Proverbs 28:9, “He that turneth away his ear from hearing the law, even his prayer shall be abomination.”
Isaiah 59:1, 2, “Behold, the LORD'S hand is not shortened, that it cannot save; neither his ear heavy, that it cannot hear: But your iniquities have separated between you and your God, and your sins have hid his face from you that he will not hear.”
The specific word iniquity can refer to sin broadly, but in Israel’s context it often included idolatry, which was a constant temptation. The principle applies to every sin that a man knowingly cherishes and refuses to confess. The prayer that God hears is the prayer of the repentant heart, the heart grieved over sin, weary of sin, and longing to be delivered from it.

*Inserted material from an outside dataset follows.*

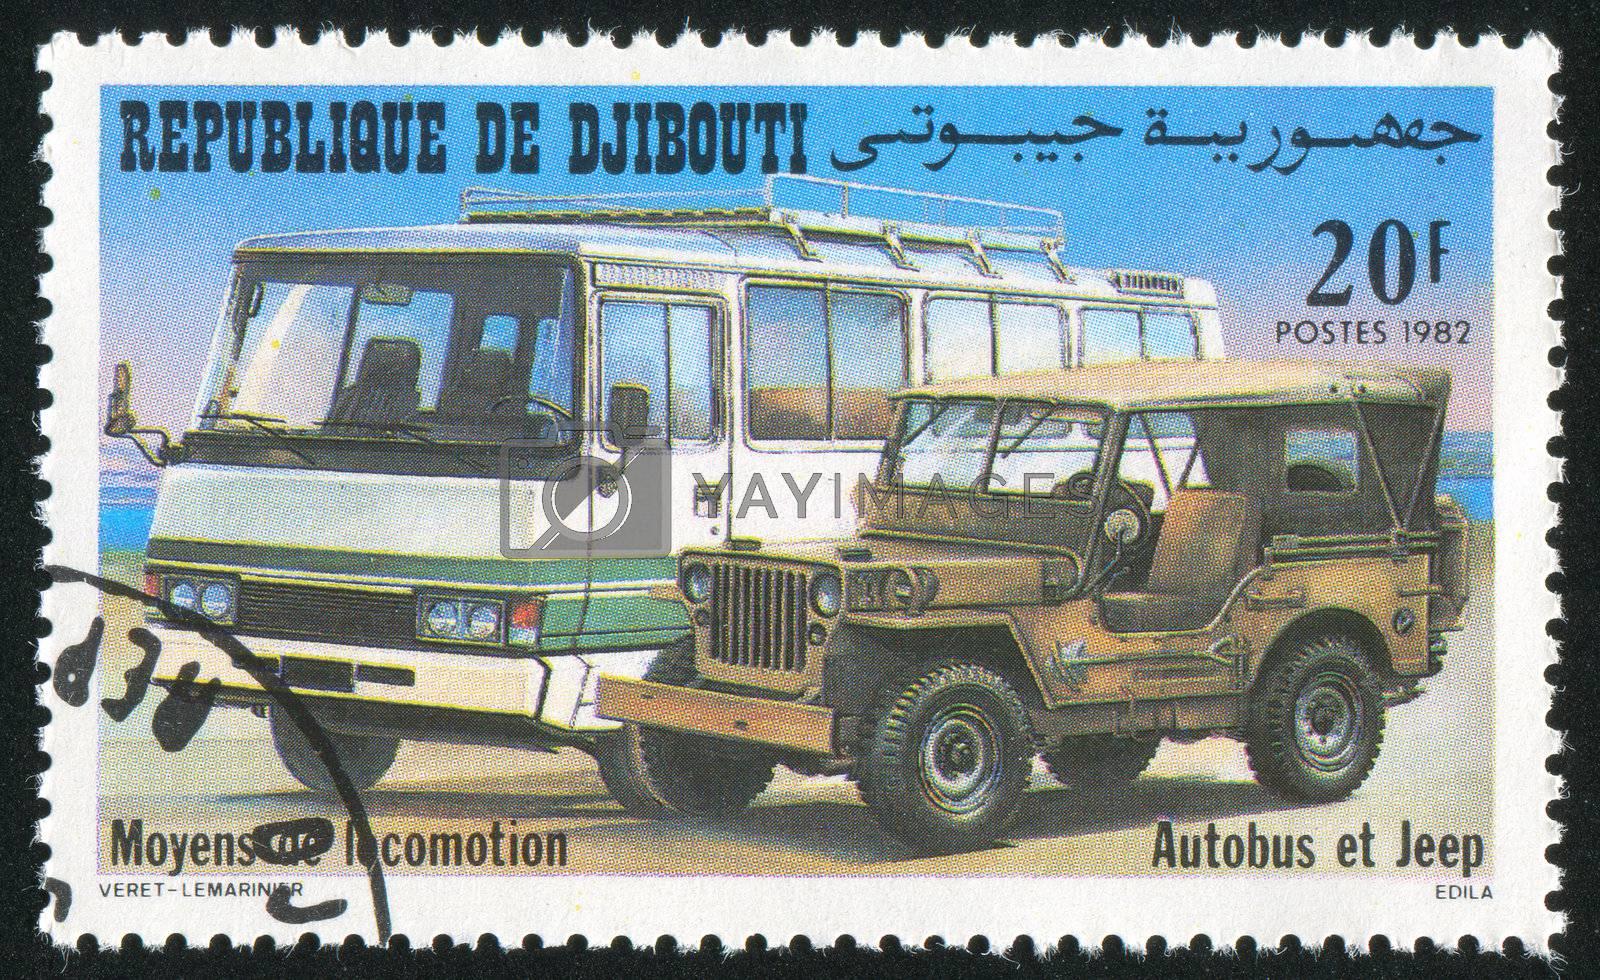 DJIBOUTI - CIRCA 1982: stamp printed by Djibouti, shows Bus and Jeep, circa 1982

Then comes the confidence of verse 19. “But verily God hath heard me; he hath attended to the voice of my prayer.” The psalmist knows God has heard him. This confidence is not rooted in self righteousness. It is rooted in God’s mercy and in the evidence that God has attended to his prayer. God did not turn away. God listened. God answered. God showed Himself faithful.
This section gives a full picture of personal worship. The believer brings offerings, pays vows, testifies to others, cries to God, praises God, examines his heart, refuses to cling to sin, and rejoices that God has heard his prayer.
Psalm 66:20
Psalm 66:20, “Blessed be God, which hath not turned away my prayer, nor his mercy from me.”
The psalm ends with blessing God. “Blessed be God” is the final word of praise. The psalmist has called all the earth to praise God. He has remembered God’s works in Israel. He has testified of personal prayer. Now he concludes by blessing the God who heard him.
The phrase “which hath not turned away my prayer” shows that answered prayer is a mercy. Believers often take prayer for granted. It is a staggering privilege that the holy God hears the cries of His people. God is under no obligation to hear rebellious sinners, yet in mercy He receives the prayers of those who come to Him in faith, repentance, and dependence.
The final phrase “nor his mercy from me” is the theological foundation of the whole conclusion. The psalmist does not crown himself. He crowns God. He does not say, God heard me because I was worthy. He says God did not turn His mercy from me. The answer to prayer rests upon the mercy of God.
This is the proper conclusion of the psalm. The worshipper has praised God’s universal rule, God’s mighty acts for Israel, God’s refining work through affliction, God’s deliverance into abundance, God’s acceptance of worship, God’s hearing of prayer, and God’s mercy toward the individual believer. The final note is mercy because mercy is the only reason sinners can stand before God at all.
There is also an important theological logic in Psalm 66:18, 19, and 20. The psalmist says that if he regarded iniquity in his heart, the Lord would not hear him. Then he says that God certainly heard him. One might expect him to conclude by boasting that there was therefore no iniquity in his heart. Instead, he blesses God for mercy. That is sound spiritual reasoning. The believer does not turn answered prayer into self praise. He turns it into worship. God gets the crown.
Psalm 66 therefore teaches that everyone can praise God because God is worthy at every level. All the earth should praise Him because He is the sovereign Lord of all creation. Israel should praise Him because He delivered and preserved His covenant people. The individual believer should praise Him because God hears prayer, receives worship, refines through affliction, delivers from trouble, and does not turn His mercy away.